Splash! A Celebration Of Mermaids & The Sea

by Ricky Ricardo (writer), Los Angeles, April 22, 2008


The Fowler Museum presented "Splash!A Celebration of Mermaids and the Sea," a festival organized in conjunction with a current exhibition "Mami Wata:Arts for Water Spirits In Africa & Its Diasporas."

Splash! A Celebration of Mermaids & The Sea

            Los Angeles- People probably mistakes me for a visiting professor as much as I have visited the campus of UCLA during the month of April. I was on campus April 12 for the Latin American Student Association’s Festival Latino. I was recently on campus April 19 for Splash! A Celebration of Mermaids & The Sea. I will be on campus this Saturday, April 26 for the Los Angeles Times Festival of Books.

            The weather was much better this past weekend. A welcomed respite from the recent heat wave of the previous weekend.

            The Fowler Museum of UCLA with community partner Heal the Bay presented “Splash! A Celebration of Mermaids & The Sea,” a free family oriented event organized in conjunction with the current Fowler exhibition “Mami Wata: Arts for Spirits in Africa and its Diasporas.”

            Actress Joyce Guy served as Mistress of Ceremonies for this exciting event. Everyone was invited to contribute to the water alter that was set-up in the middle of Wilson Plaza.
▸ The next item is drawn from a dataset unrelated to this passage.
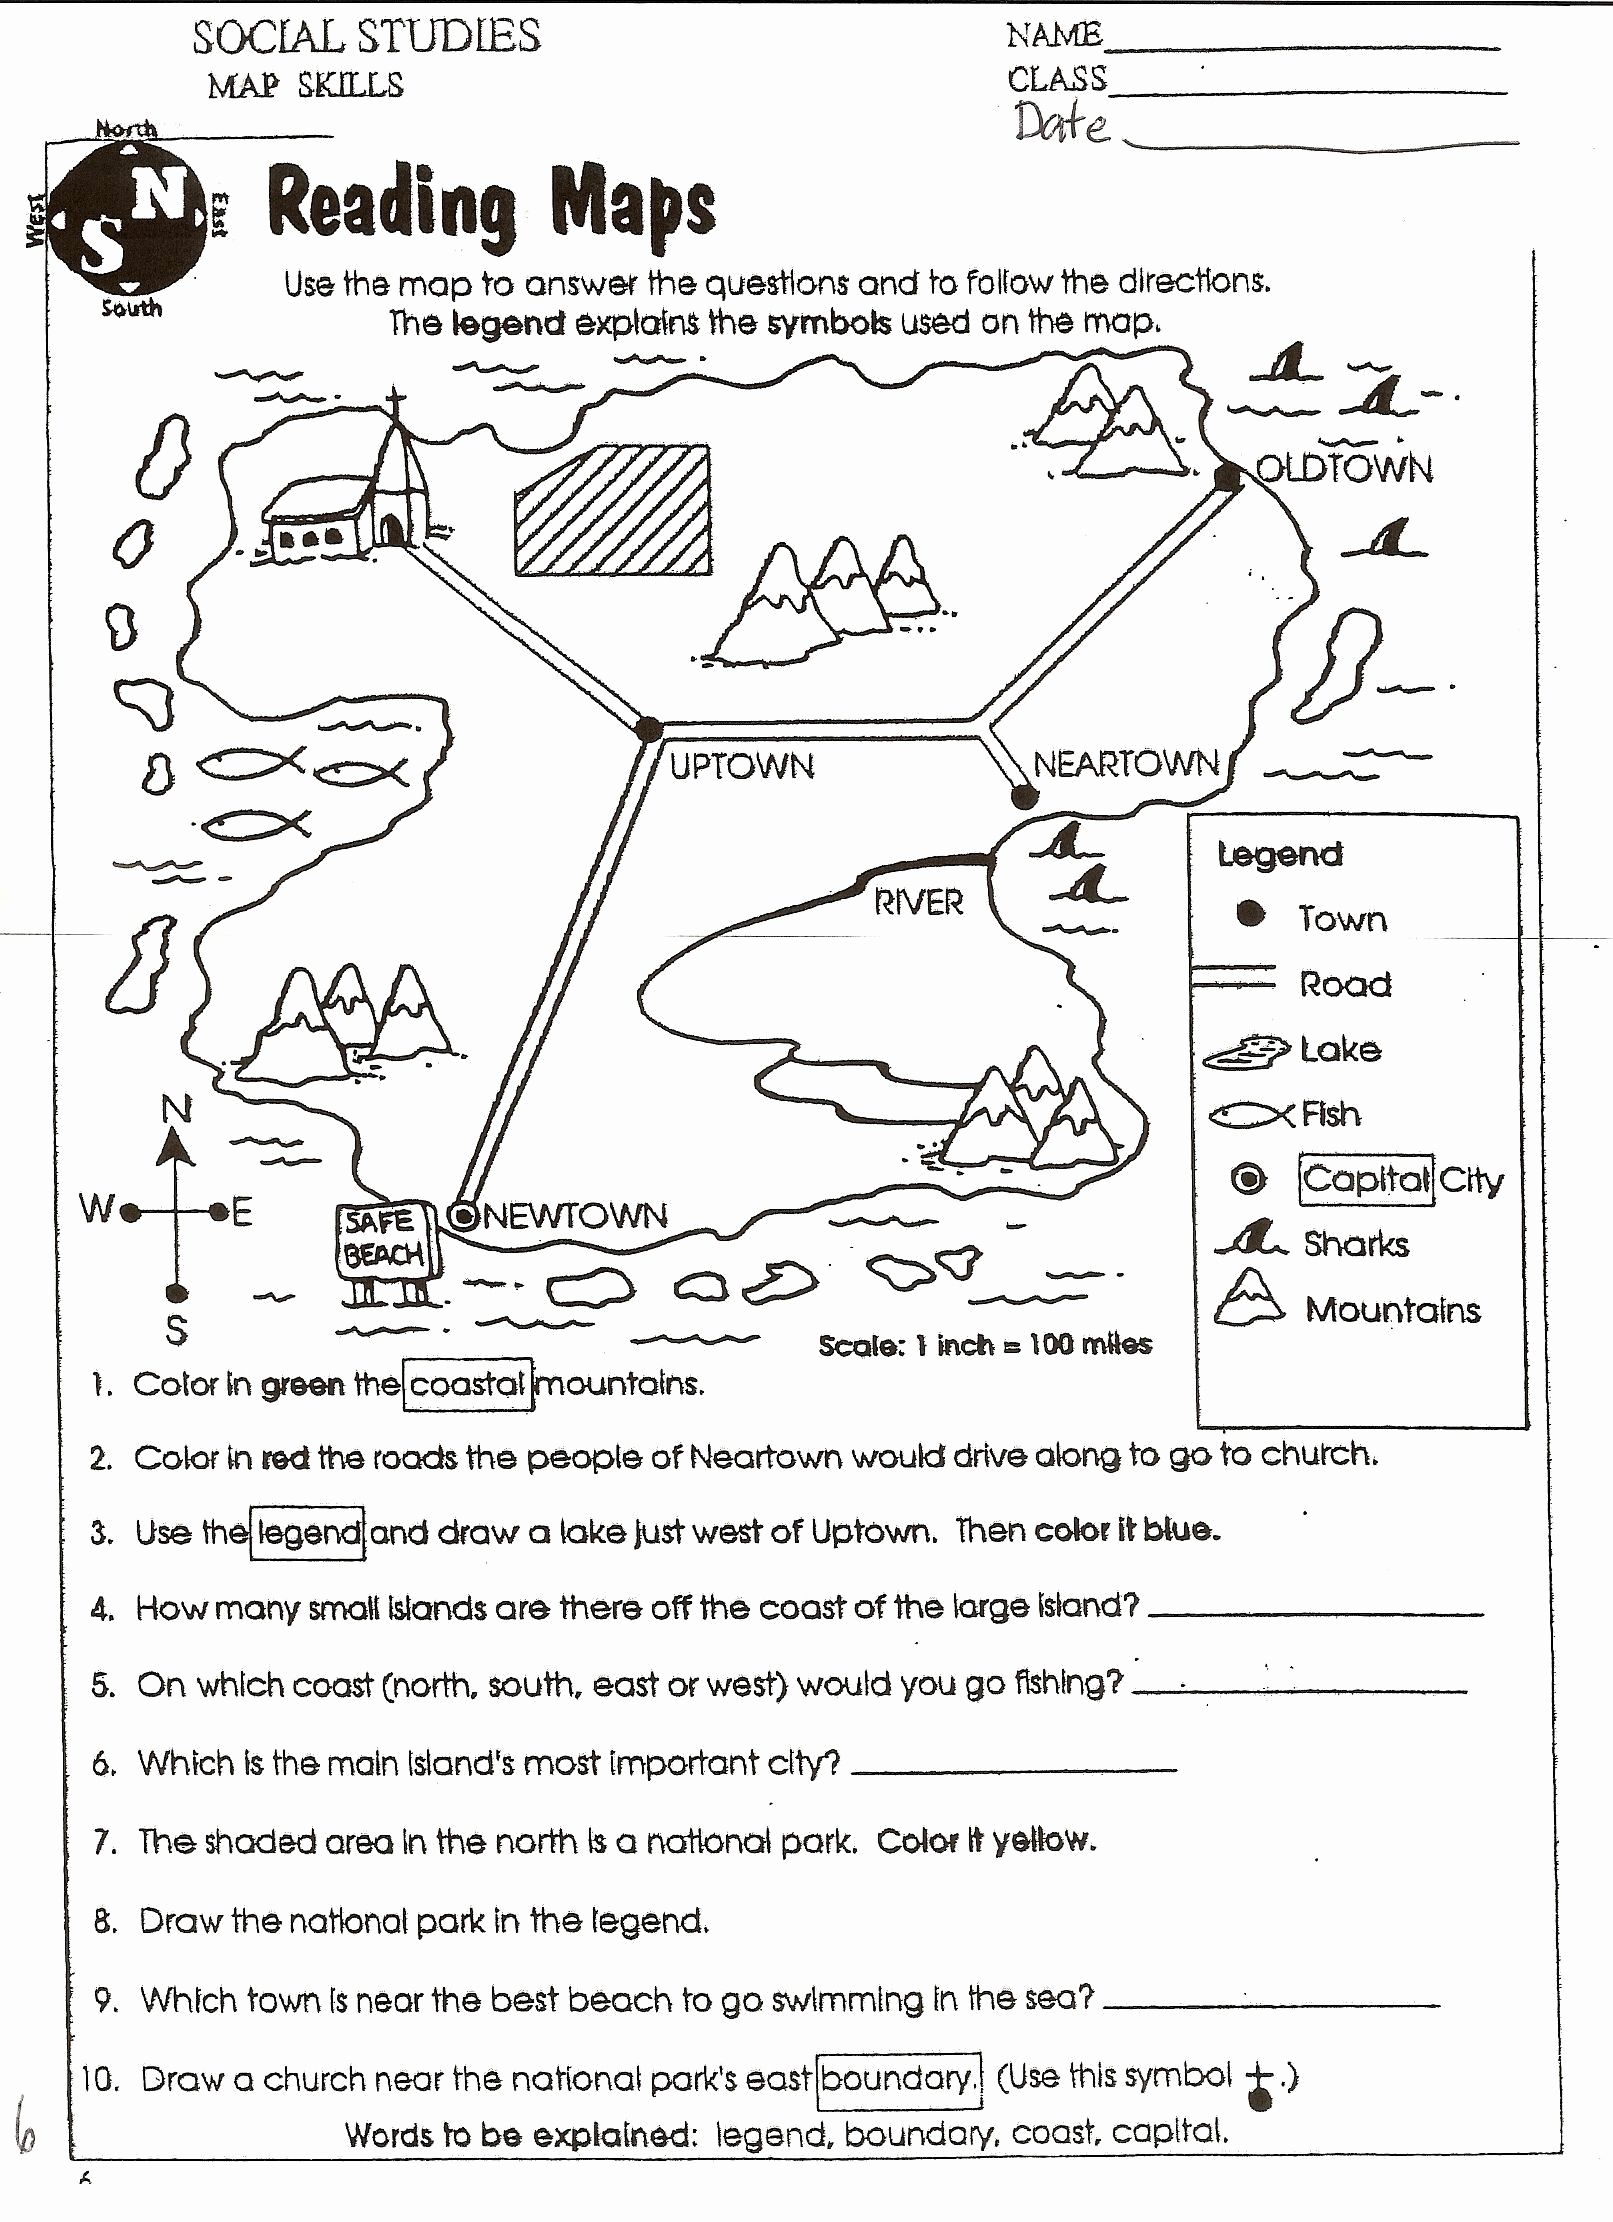 Map Scale Worksheet 4th Grade Luxury Worksheet Map Scale 3rd Grade Valid social Stu S Skills

            Viver Brasil Dance Company got the program under way with a multi-cultural group dressed in all white from head to toe. The group descended down Janss Steps to Wilson Plaza for the start of the parade procession. The parade featured people and groups dressed as mermaids, fish and various other sea creatures. The parade snaked around Wilson Plaza to compete for cash prizes for Mermaid King and Queen, wettest, Most Reptilian, Sexiest and most musical. The parade consisted of community and UCLA student groups.

            Viver Brasil-Afro Brasilian Music and Dance group is rich in numbers-over 100 plus members, rich in enormous talent that was displayed for this event. I have had the pleasure of seeing this group perform in the past. I enjoy looking around at the crowd to see how captivated they are at the energetic performances by the group. I’m also amazed and captivated every time I witness a performance by the group.

            Intermission featured announcements of parade winners. Mermaid Queen prize was presented to Teresa White; Mermaid King was presented to a group from the Bolivian community of Southern California. The prize for the sexiest costume was presented to Jan Williamson who came dressed as a mermaid. The prize for wettest costume went to Poor Dog Group-a student group from Cal Arts. Most musical prize was presented to Ala Bey from UCLA. Most Reptilian prize was presented to Swimming Josephenson’s. Rubber Dub Tub and Sisters of the Water shared the prize for Crowd Favorites.

            Raffles prized consisted of a gift basket, tickets to UCLA Live performances, restaurant gift certificates, re-usable tote bags, water canteens, gift package from Heal the Bay and a gift certificate for the UCLA Store.

            The festivities continued on the Main Stage with a dynamic performance by Los Angeles based group Balobi Bandeko-Congolese music and dance with special guest dancers Deborah and Linda.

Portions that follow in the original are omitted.